De schatting van Het Landelijk Alcohol en Drugs Informatie Systeem (LADIS) is dat er ongeveer twee miljoen mensen met een verslavingsgerelateerde problemen rondlopen in Nederland. Daarvan krijgen ongeveer een kleine 70.000 mensen professionele hulp. “Als je je dan bedenkt hoeveel mensen er alleen voor staan, dan word je daar droevig van”, verzucht Wouter-Bas.
Er is nog geen manier gevonden om het taboe van zijn sluiers te ontdoen. De Friese arts betrapt zich er zelfs op er zelf ook schuldig aan te zijn. Hij praat tijdens dit interview kort over een vriend die kampt met verslaving, na de vraag of hij in eigen sfeer ook te maken heeft met het onderwerp. “Maar zet dat maar niet in het stuk.” Waarom niet? Is dat niet juist waar we ons tegen verzetten, deze schaamte? “Je hebt gelijk. Als arts heb ik de verantwoordelijkheid om de privacy van mijn patiënten te bewaren, maar dit gaat over iets uit mijn privéleven. En daar mogen we het best over hebben.”
Tijd voor verandering
Wouter-Bas is even stil en denkt na over zijn volgende zin.

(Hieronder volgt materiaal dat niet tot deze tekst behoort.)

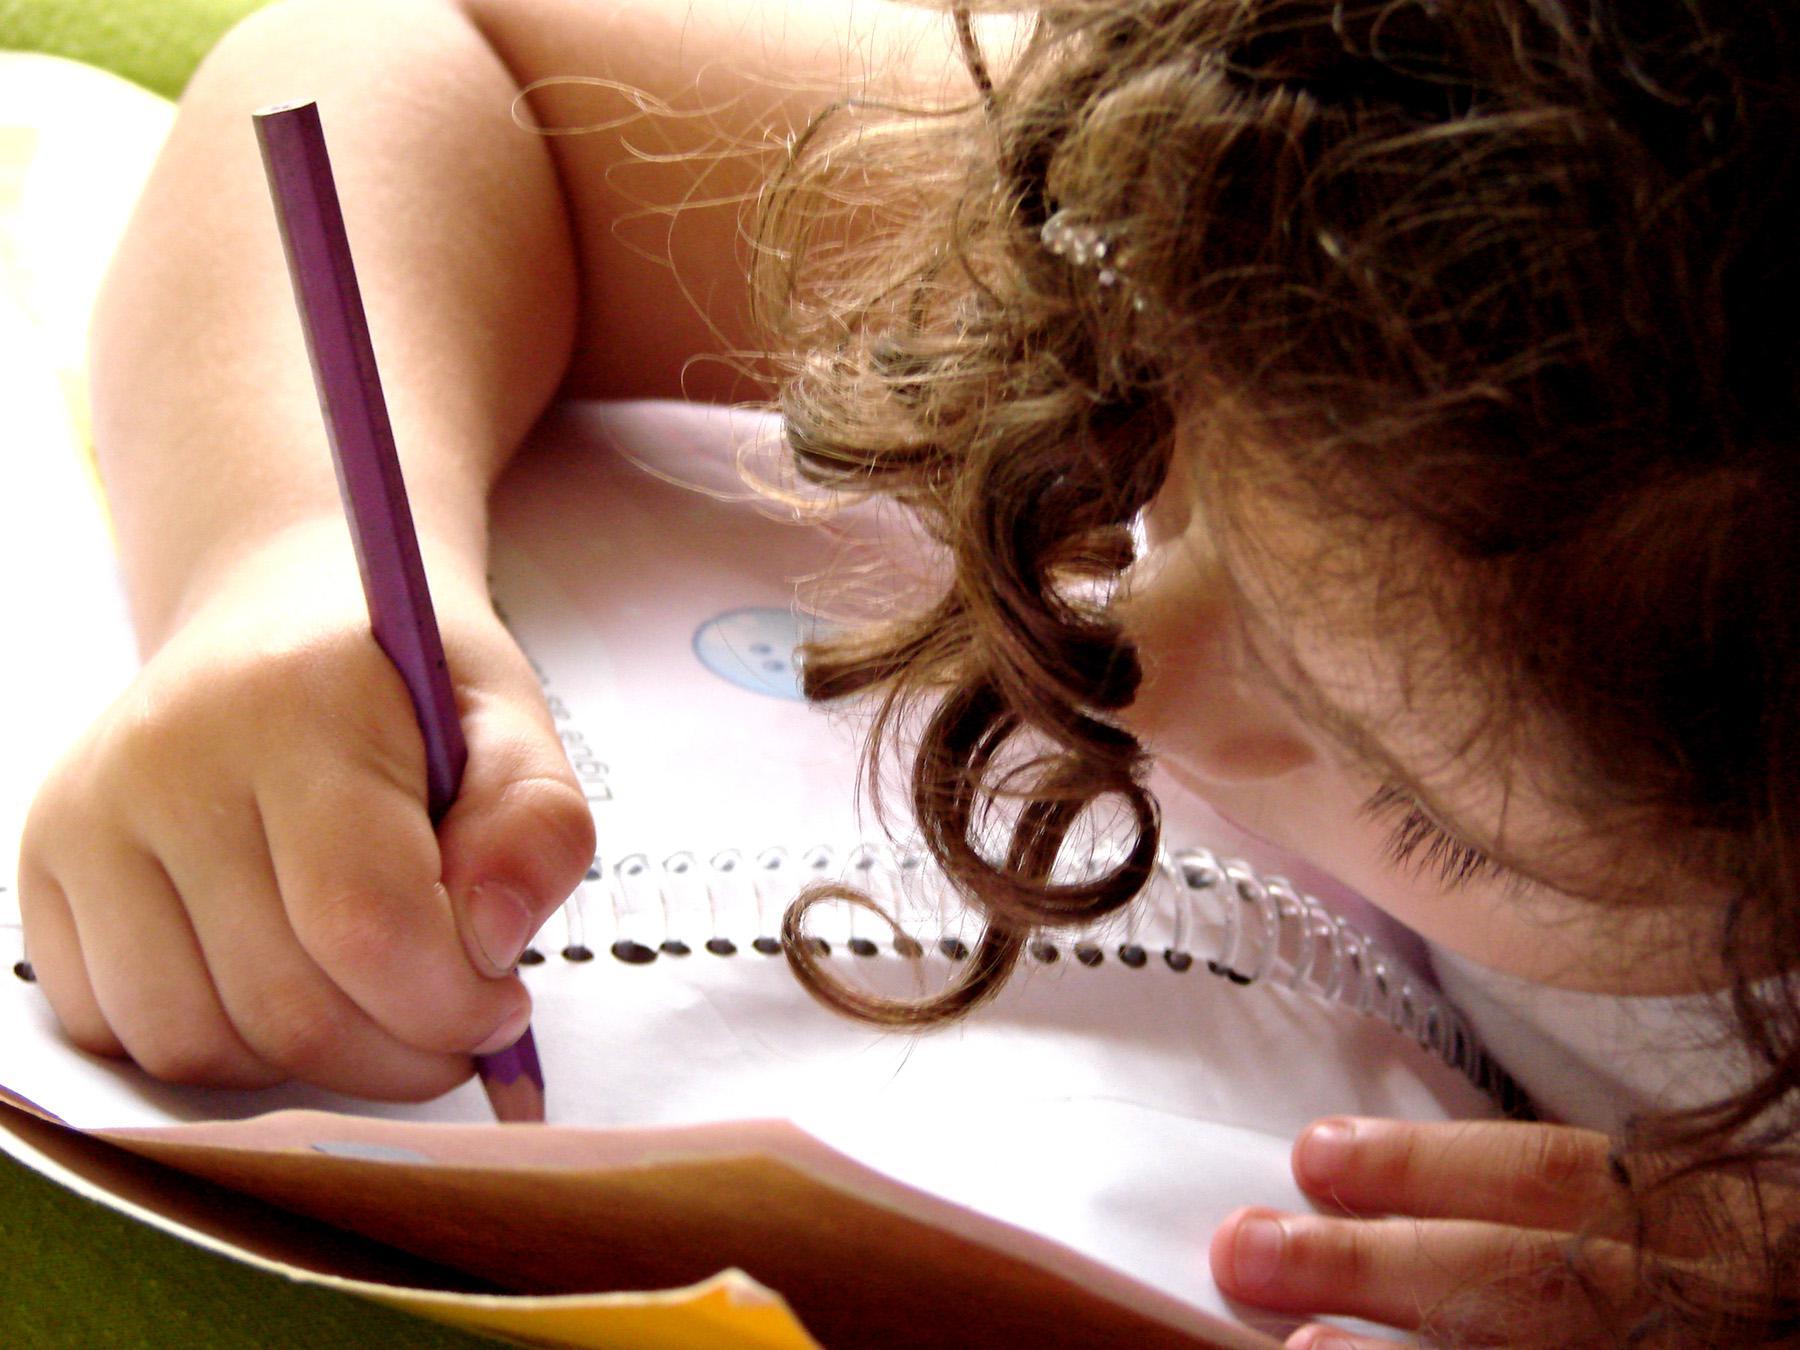 El Centro Municipal de Psicología de Las Rozas atendió a más de 400 menores durante 2014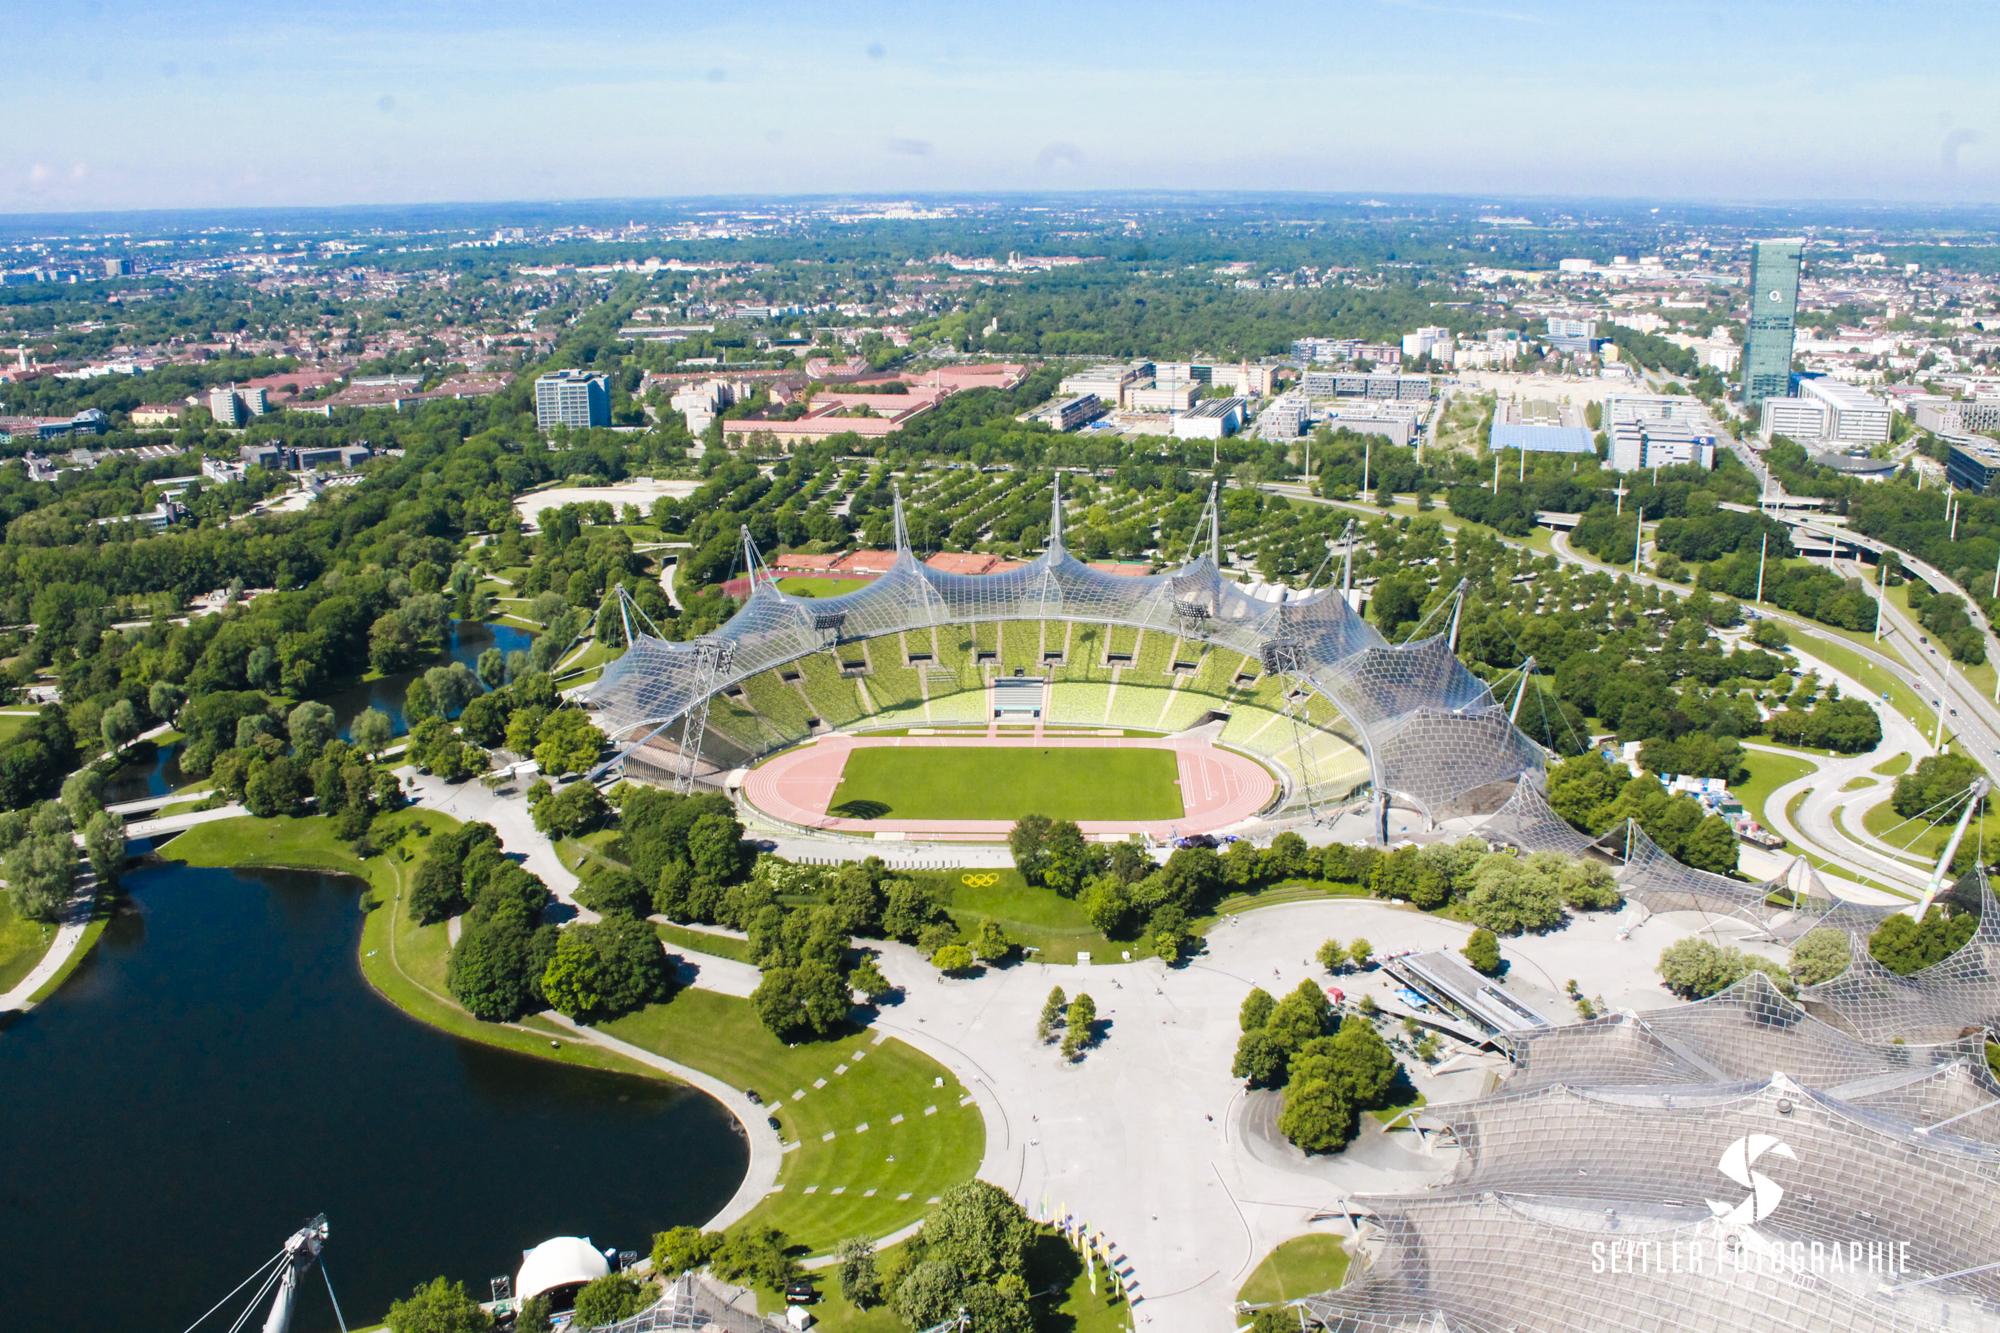 20180521_Monachium_JoannaRutkoSeitler_-5

“Eigenlijk is het taboe vrij paradoxaal. Aan de ene kant willen we dat niemand zich schaamt en hulp zoekt wanneer dat nodig is, maar aan de andere kant is de privacy van onze cliënten enorm belangrijk. Zo hebben we een andere ingang bij de methadonkliniek voor cliënten, zodat zij ongezien in en uit kunnen. Maar als we in de schaduwen blijven werken, zal men ons vakgebied nooit leren kennen en waarderen voor wat het is. Onze cliënten zullen altijd anonimiteit genieten, maar wij als professionals kunnen ons vakgebied wel meer in het daglicht zetten.”
Hij ziet overigens wel maatschappelijke verandering. “Er is vanuit de samenleving steeds meer aandacht voor gezondheid. Kijk maar eens op hoeveel plekken in Nederland er niet meer gerookt mag worden, hoeveel mensen een maand geen alcohol drinken elk jaar, en hoeveel mensen een abonnement op de sportschool hebben. Daarbij zie ik in de media ook steeds meer aandacht voor drugs en verslaving, ook op televisie. Hopelijk heeft die maatschappelijke interesse ook invloed op ons vakgebied. Nederland heeft ondanks tekorten elders in de zorg geen tekort aan basisartsen. Ik nodig hen van harte uit een kijkje te nemen in de keuken van de verslavingszorg.”